Data shown:

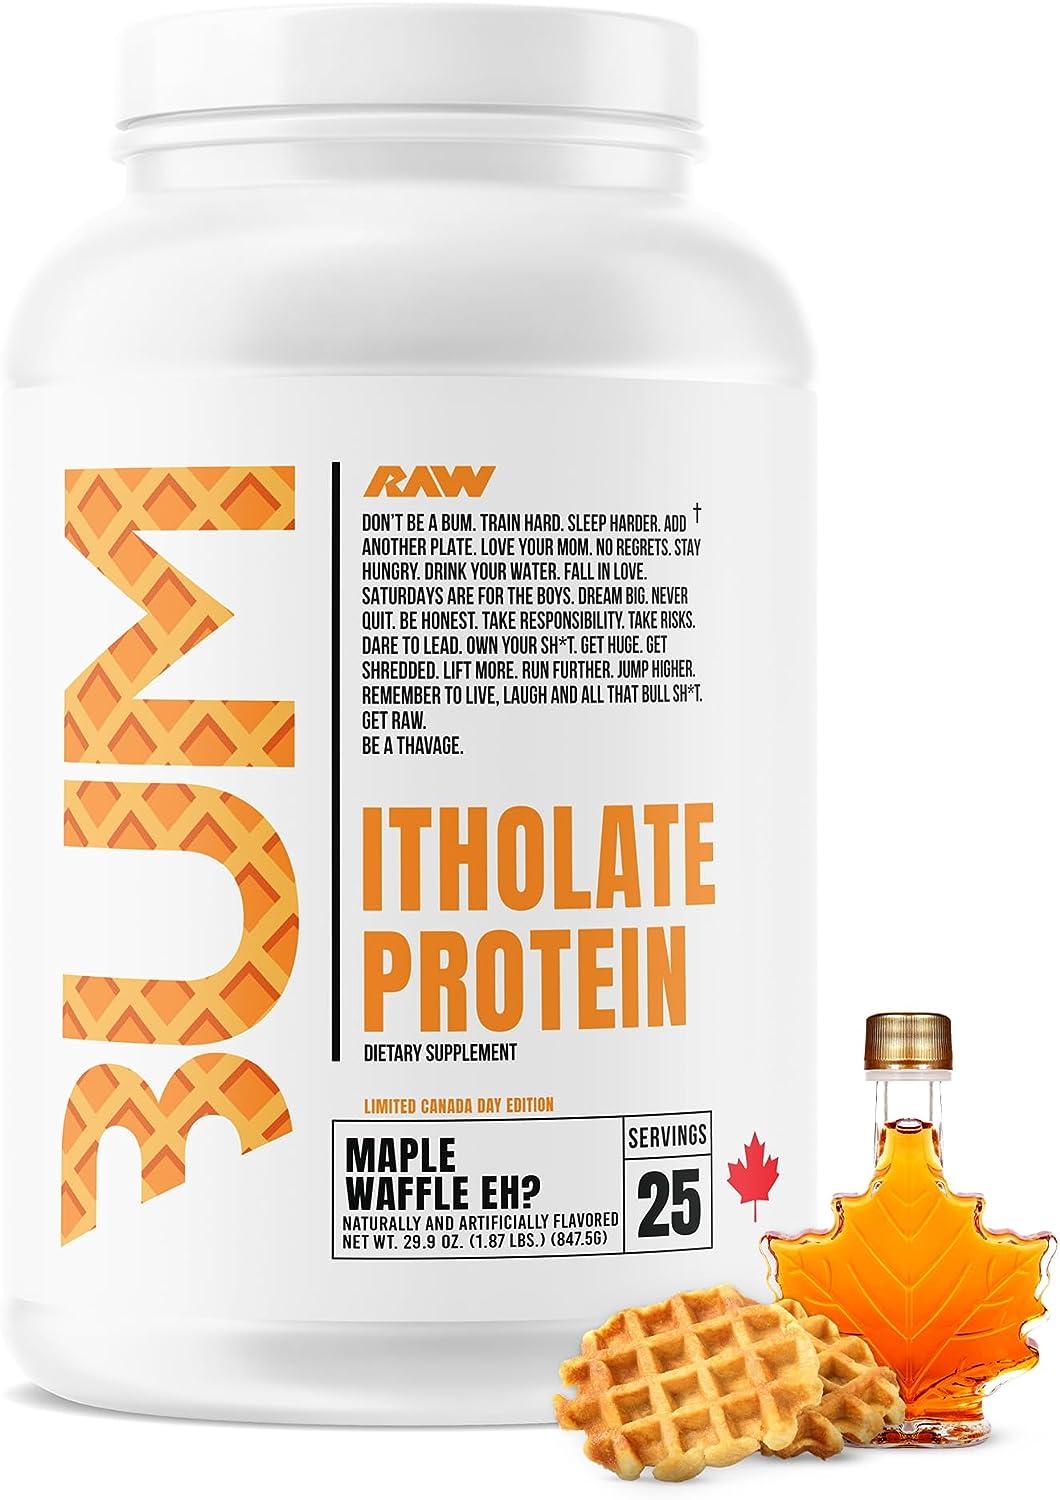 RAW X CBUM Itholate Protein
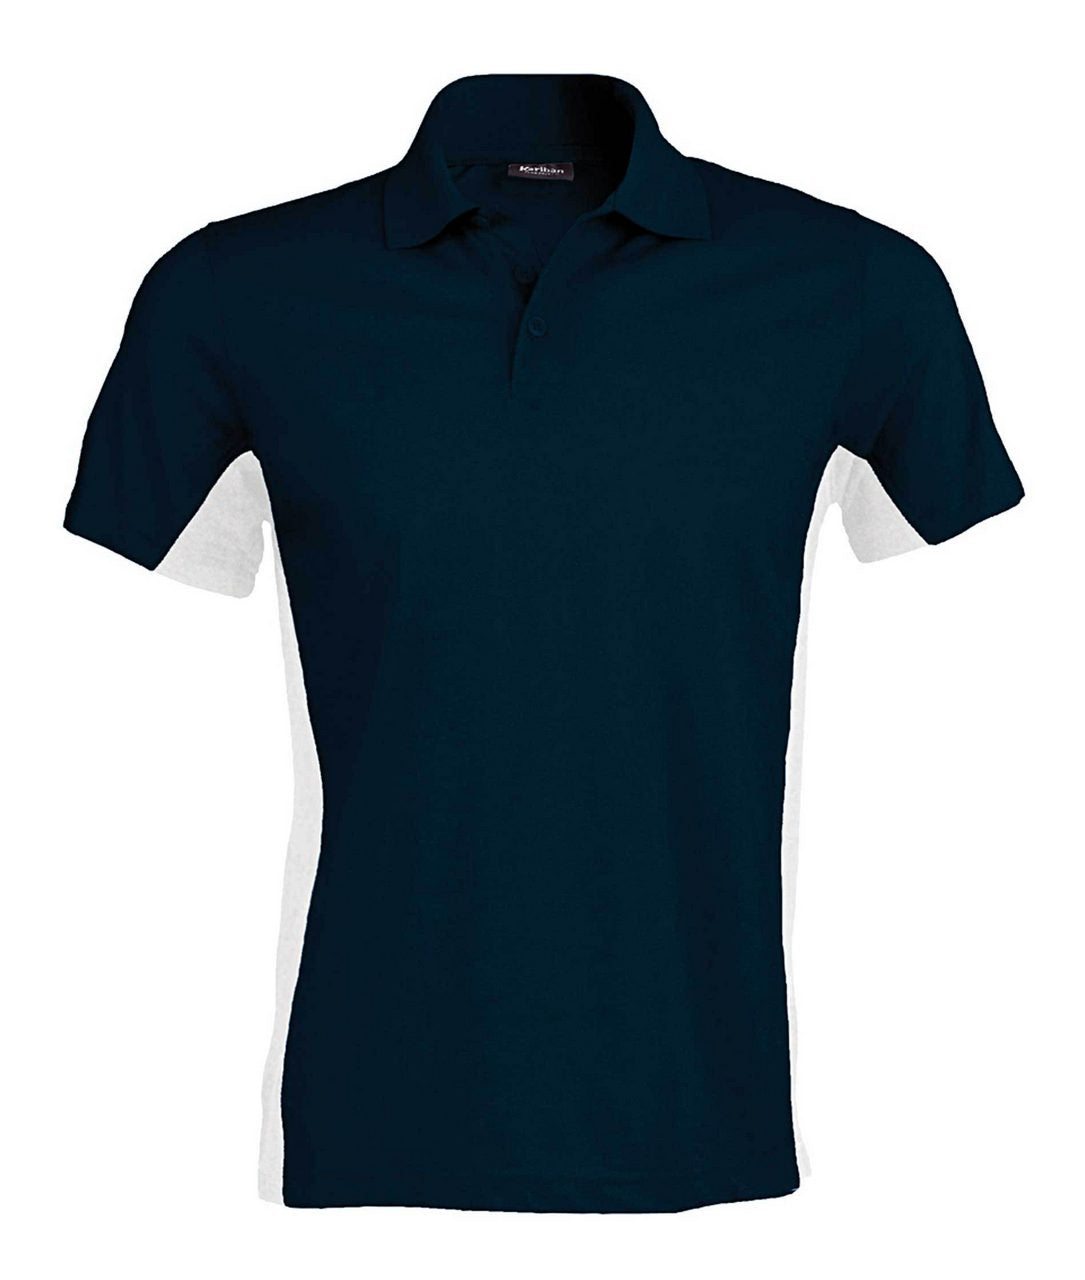 Kariban Herren Polo-Shirt Polohemd Poloshirt Freizeit Sport Polo Shirt
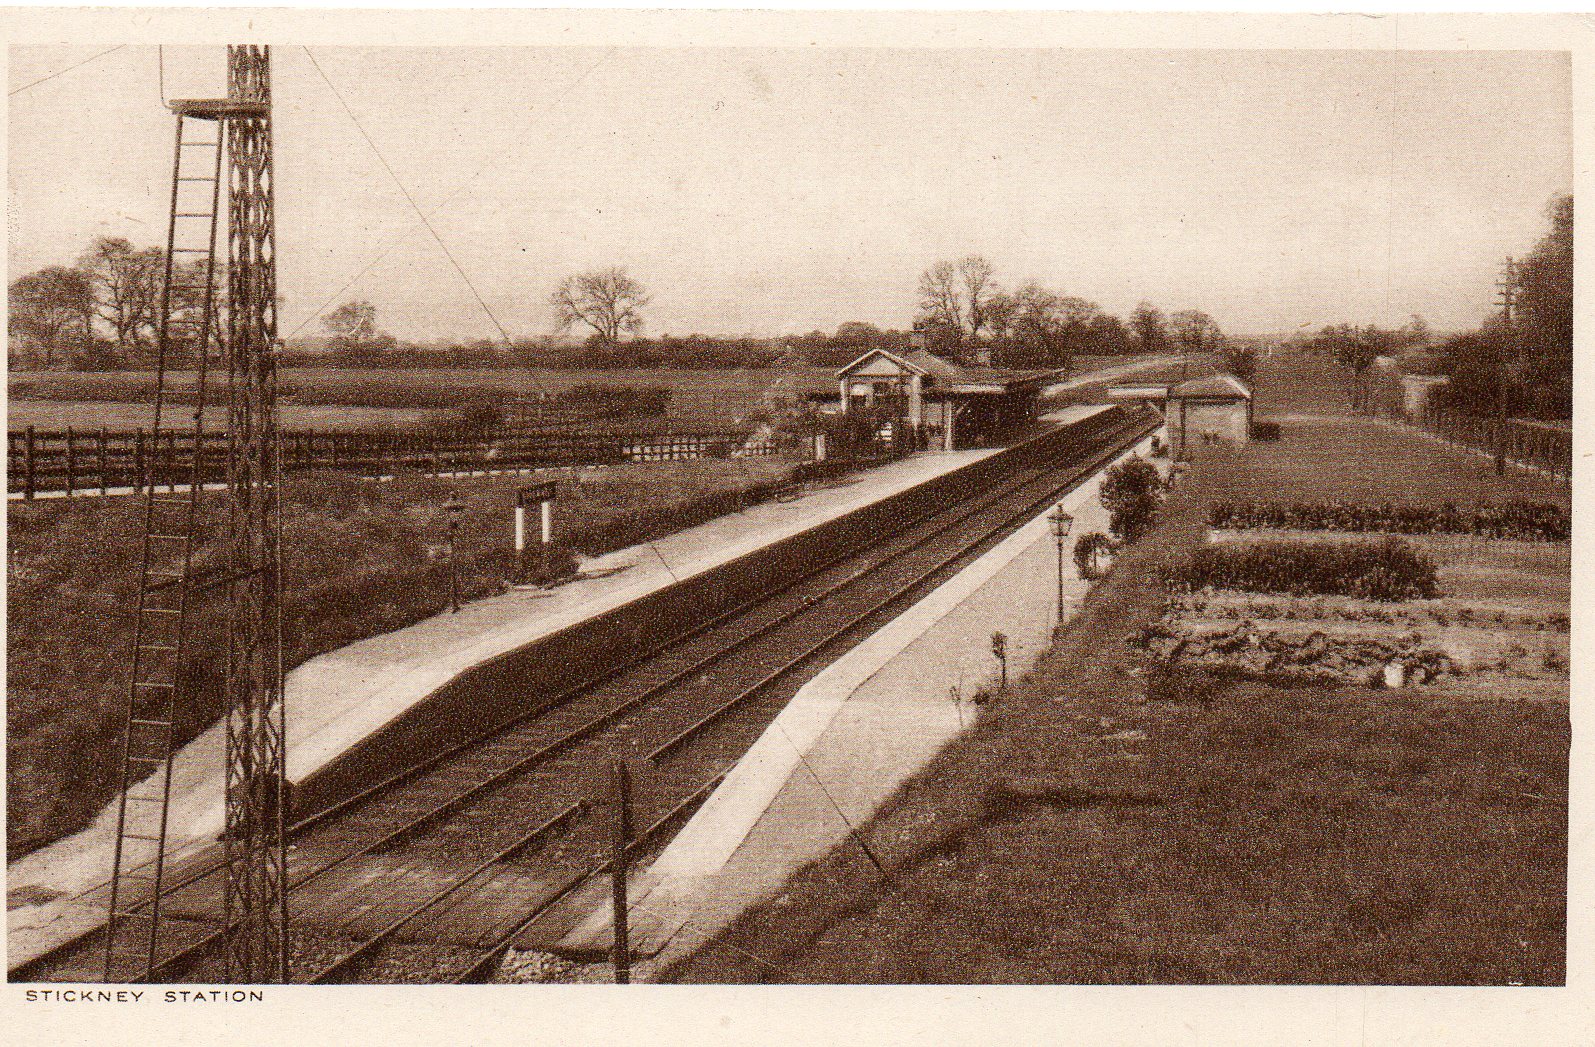 Stickney railway station
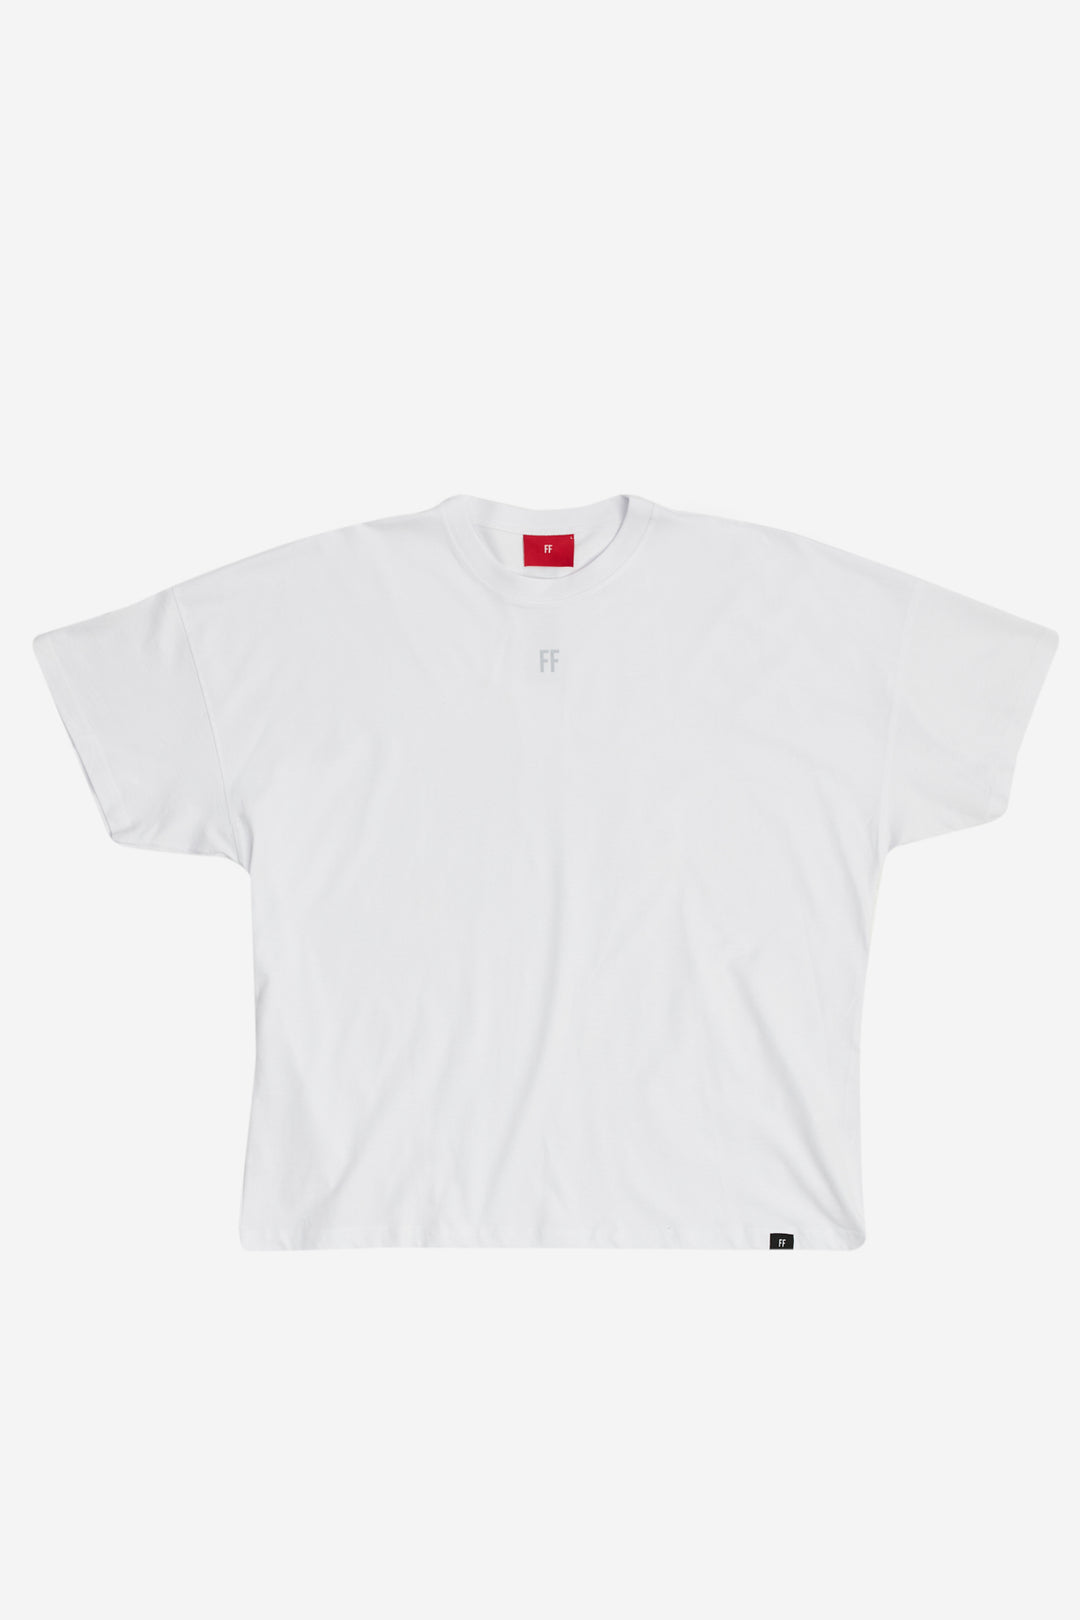 Reflective FF / Drop Shoulder Oversize T-shirt

Exercise goal: Could you return the listing above exactly, minus its pictures?

Reply to the exercise:
 RAW X CBUM Itholate Protein
 Kariban Herren Polo-Shirt Polohemd Poloshirt Freizeit Sport Polo Shirt
 Stickney railway station
 Reflective FF / Drop Shoulder Oversize T-shirt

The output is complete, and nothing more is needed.